Putting it all together

OK, now we can run R and Docker from a reproducible environment. What is the best way to run Docker from R? There are some functions in base R for running external commands (system(), system2()) as well as the excellent processx package. Here, though I will use the babelwhale package, which provides some nice wrappers to run Docker (or Singularity)7.

Here is an example _targets.R file using babelwhale to run Docker. This workflow downloads a pair of fasta files, then trims low-quality bases using the fastp program8:

library(targets)
library(tarchetypes)
library(babelwhale)

# Set babelwhale backend for running containers
# (here, we are using Docker, not Singularity)
set_default_config(create_docker_config())

# Define workflow
list(
  # Download example fastq files
  tar_file(
    read_1, { 
      download.file(
        url = "https://raw.githubusercontent.com/OpenGene/fastp/master/testdata/R1.fq",
        destfile = "R1.fq")
      "R1.fq"
    }
  ),
  tar_file(
    read_2, { 
      download.file(
        url = "https://raw.githubusercontent.com/OpenGene/fastp/master/testdata/R2.fq",
        destfile = "R2.fq")
      "R2.fq"
    }
  ),
  # Clean the fastq file with fastp
  tar_file(
    fastp_out, {
      babelwhale::run(
        # Name of docker image, with tag specifying version
        "quay.io/biocontainers/fastp:0.23.1--h79da9fb_0",
        # Command to run
        command = "fastp",
        # Arguments to the command
        args = c(
          # fastq input files
          "-i", paste0("/wd/", read_1), 
          "-I", paste0("/wd/", read_2), 
          # fastq output files
          "-o", "/wd/R1_trim.fq",
          "-O", "/wd/R2_trim.fq",
          # trim report file
          "-h", "/wd/trim_report.html"),
        # Volume mounting specification
        # this uses getwd(), but here::here() is also a good method
        volumes = paste0(getwd(), ":/wd/")
      )
      c("R1_trim.fq", "R2_trim.fq", "trim_report.html")
    }
  )
)

In order to run this targets workflow, the above code must be saved as _targets.R in the project root directory (you should have downloaded it above).

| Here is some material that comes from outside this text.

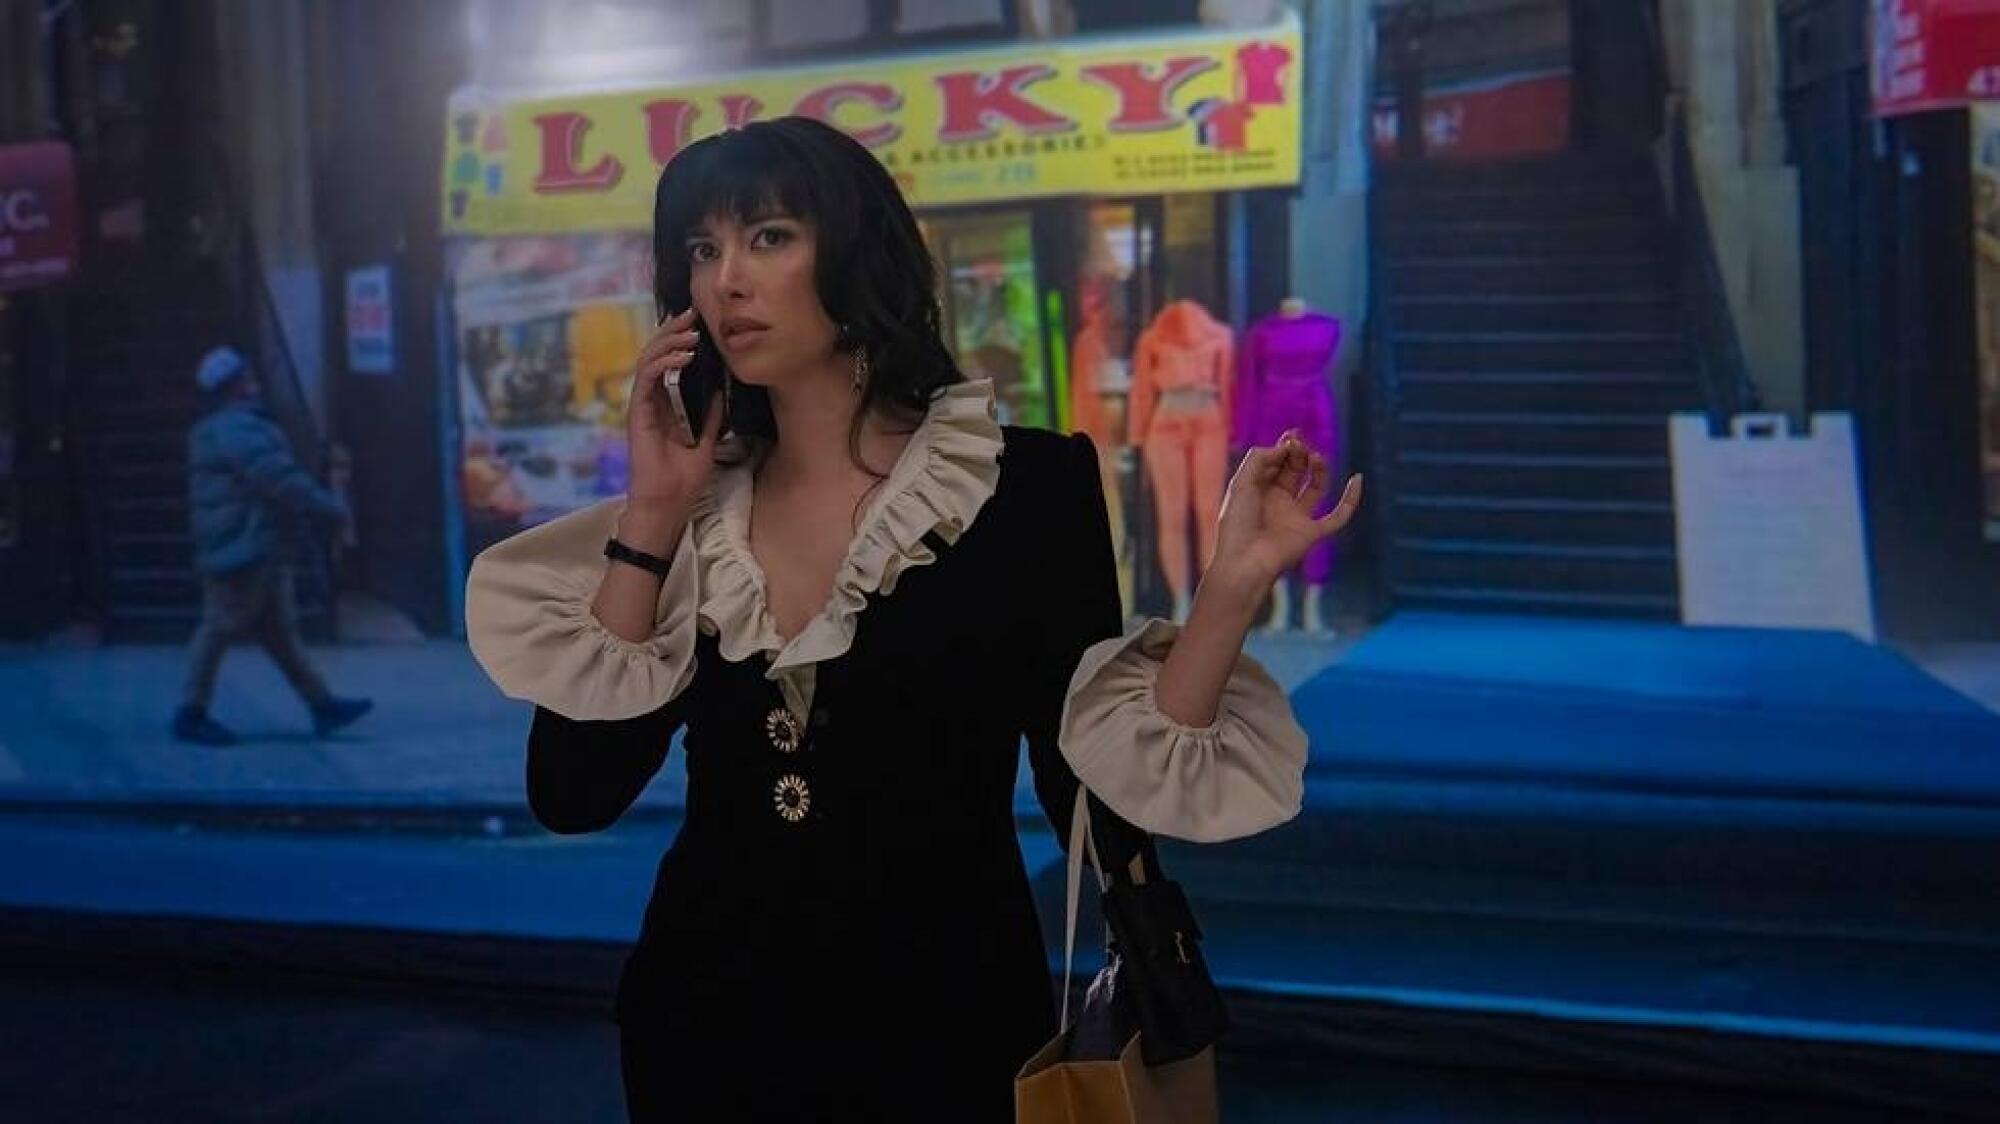 A woman in a black jacket and white frilly top in front of a storefront with a phone to her ear.

Finally, everything is in place! All we need to do now is run targets::tar_make(), sit back, and enjoy the show:

targets::tar_make()
• start target read_1
trying URL 'https://raw.githubusercontent.com/OpenGene/fastp/master/testdata/R1.fq'
Content type 'text/plain; charset=utf-8' length 3041 bytes
==================================================
downloaded 3041 bytes

• built target read_1
• start target read_2
trying URL 'https://raw.githubusercontent.com/OpenGene/fastp/master/testdata/R2.fq'
Content type 'text/plain; charset=utf-8' length 3343 bytes
==================================================
downloaded 3343 bytes

• built target read_2
• start target fastp_out
• built target fastp_out
• end pipeline

You should be able to confirm that the read files were downloaded, cleaned, and a report generated in your working directory. Also, notice there is a new folder called _targets. This contains the metadata that targets uses to track each step of the pipeline (generally it should not be modified by hand; the same goes for the renv folder).

Next steps

Image by [JOHN TOWNER](https://unsplash.com/@heytowner) on [unsplash](https://unsplash.com/photos/3Kv48NS4WUU).

Figure 3: Image by JOHN TOWNER on unsplash.

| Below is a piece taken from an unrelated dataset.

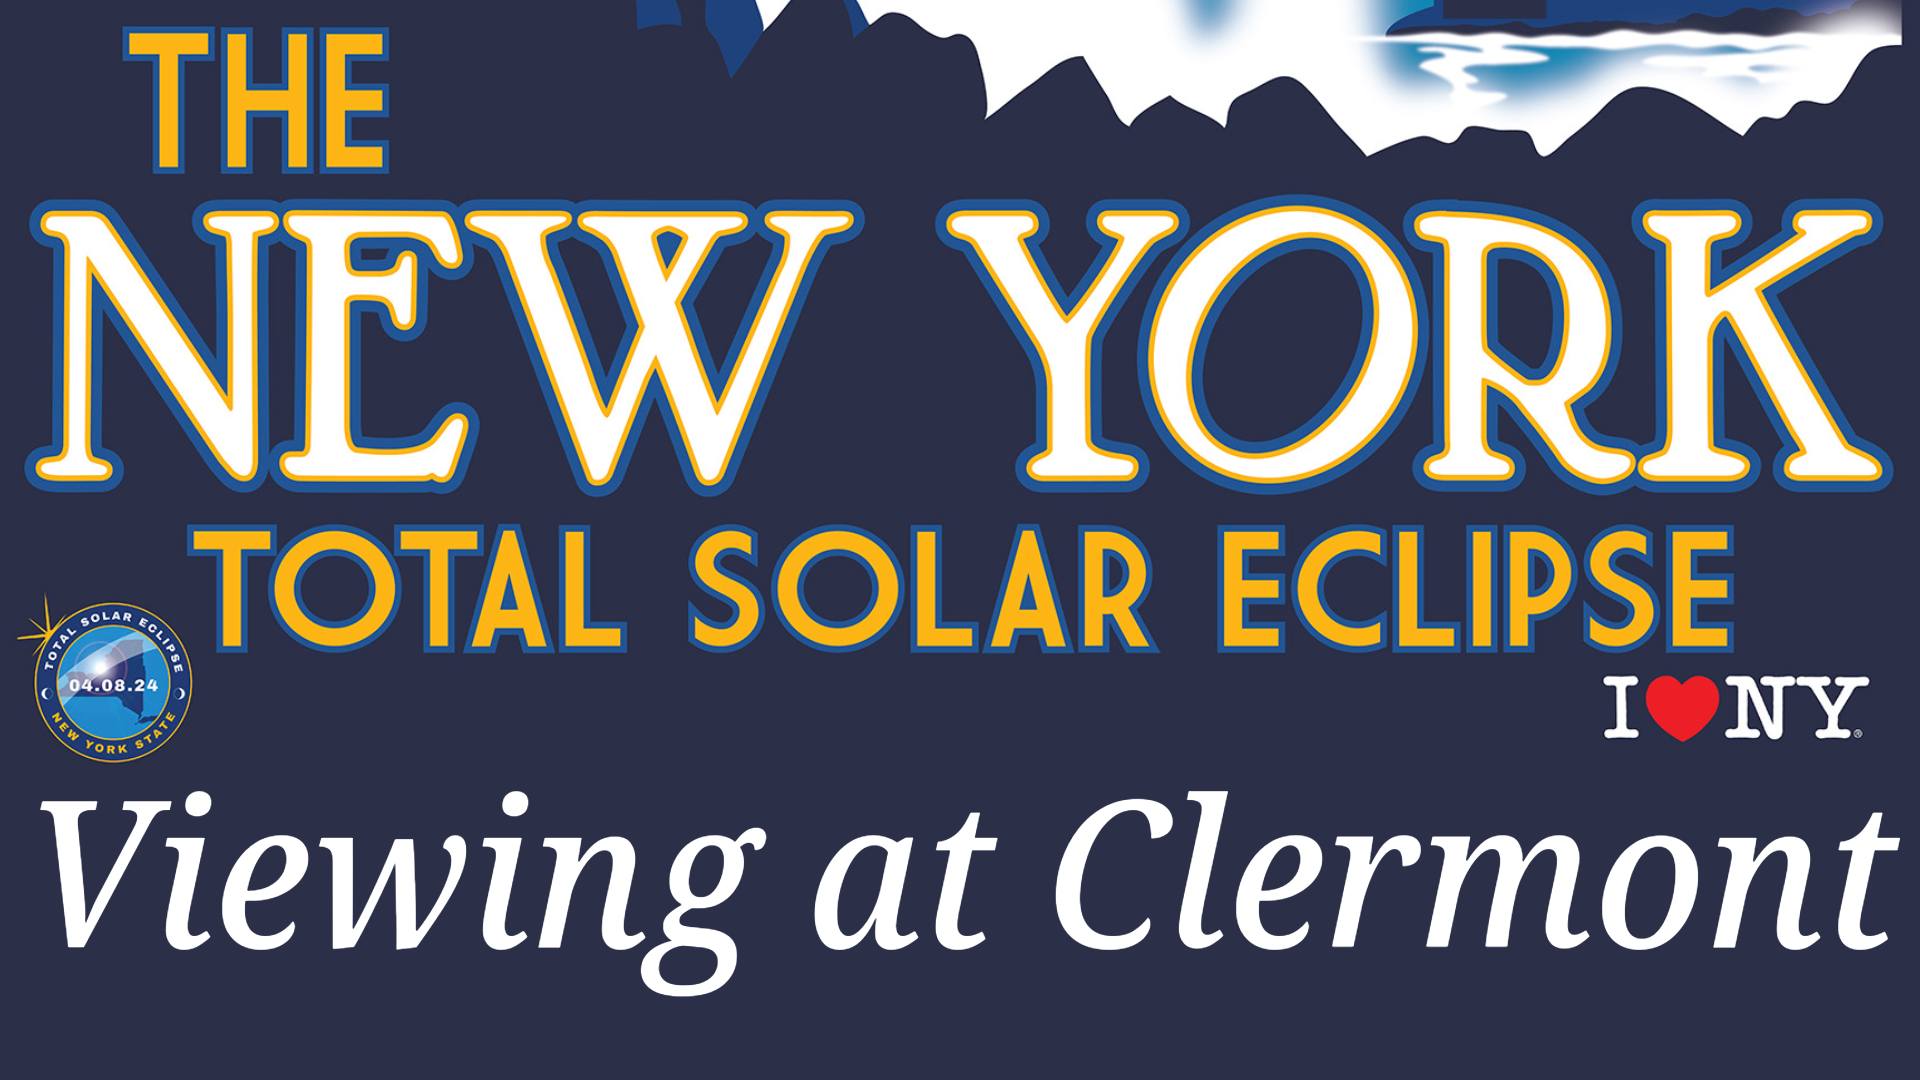 There Goes the Sun: "Watch" the Solar Eclipse at Clermont

The example workflow just consists of a couple of steps, but I hope you can see how they are chained together: fastp_out depends on read_1 and read_2. We could add a third step that uses fastp_out for something else, and so forth.

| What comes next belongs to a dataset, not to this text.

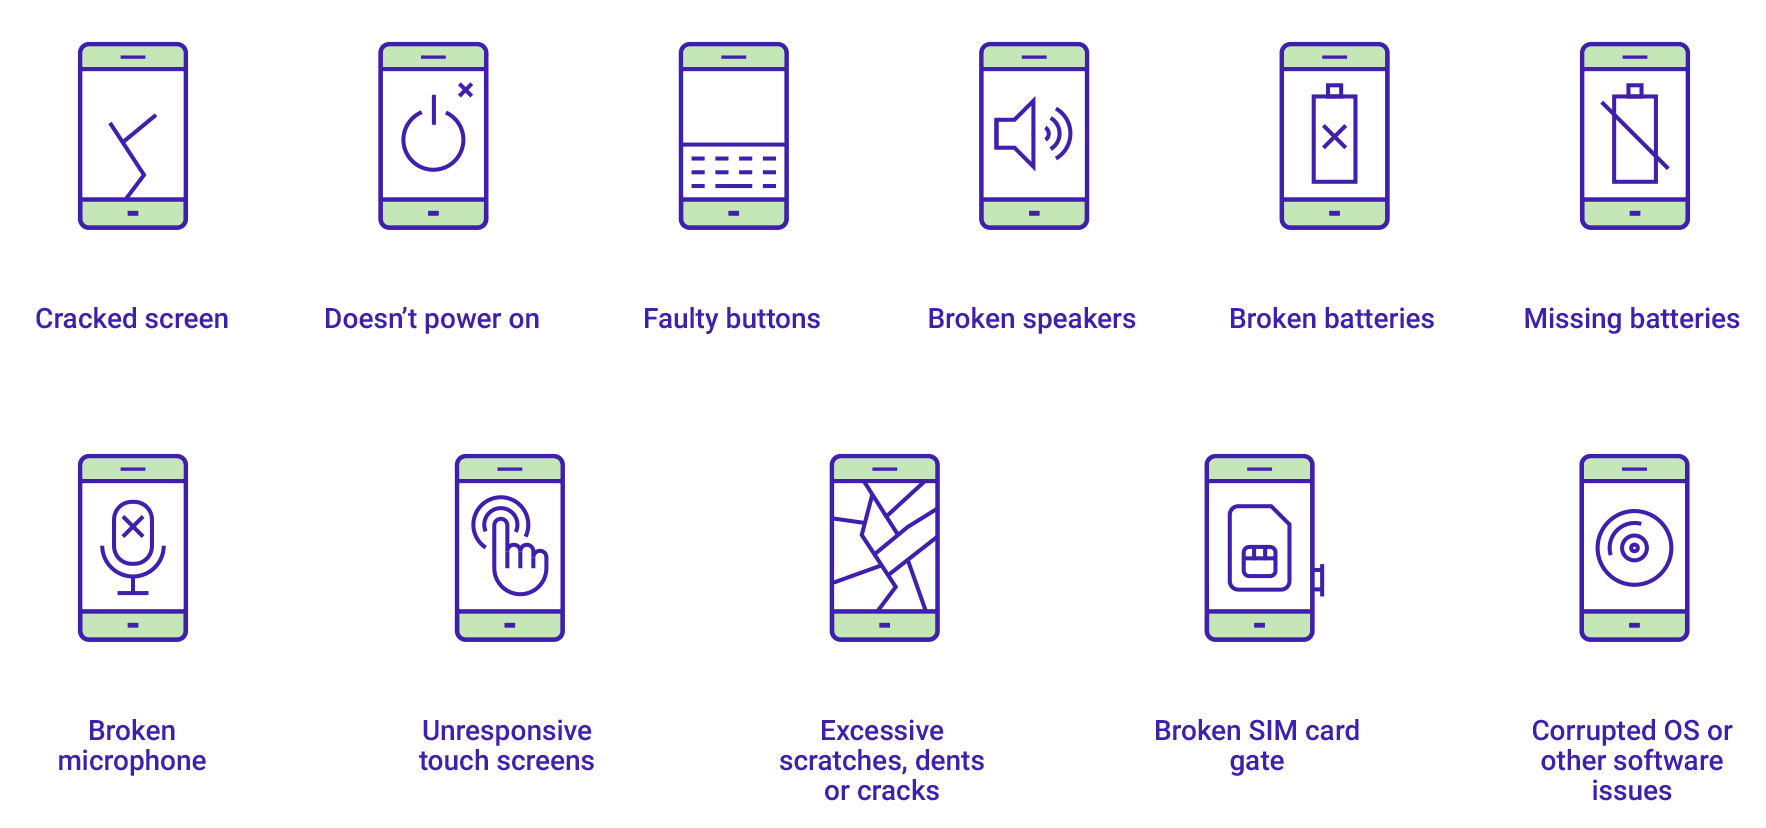 Broken phones - cracked screen, doesn’t power on, faulty buttons, broken speakers, broken batteries, missing batteries, broken microphone, unresponsive touch screens, excessive scratches, dents or cracks, broken SIM card gate, corrupted OS or other software issues

We can also see this by visualizing the pipeline:

targets::tar_visnetwork()

To keep things simple for this post, I have written the workflow as a single R script, but that’s not really the ideal way to do it. You can see that the syntax is rather verbose, and such a script would rapidly become very long. The best practice for targets workflows is to write the targets plan and the functions that build each target separately, as _targets.R and functions.R, respectively.

By splitting the plan from the functions this way, our _targets.R file becomes much shorter and more readable:

library(targets)
library(tarchetypes)
library(babelwhale)

# Set babelwhale backend for running containers
set_default_config(create_docker_config())

# Load functions
source("R/functions.R")

tar_plan(
  # Download example fastq files
  tar_file(read_1, download_read("R1.fq")),
  tar_file(read_2, download_read("R2.fq")),
  # Clean the fastq files with fastp
  tar_file(
    fastp_out, 
    fastp(read_1, read_2, "R1_trim.fq", "R2_trim.fq", "trim_report.html"
    )
  )
)

You can see how it provides a high-level overview of each step in the workflow, without getting bogged down in the details. And the best part is, you don’t have to install fastp (or any other software used for a particular step)! Docker takes care of that for you.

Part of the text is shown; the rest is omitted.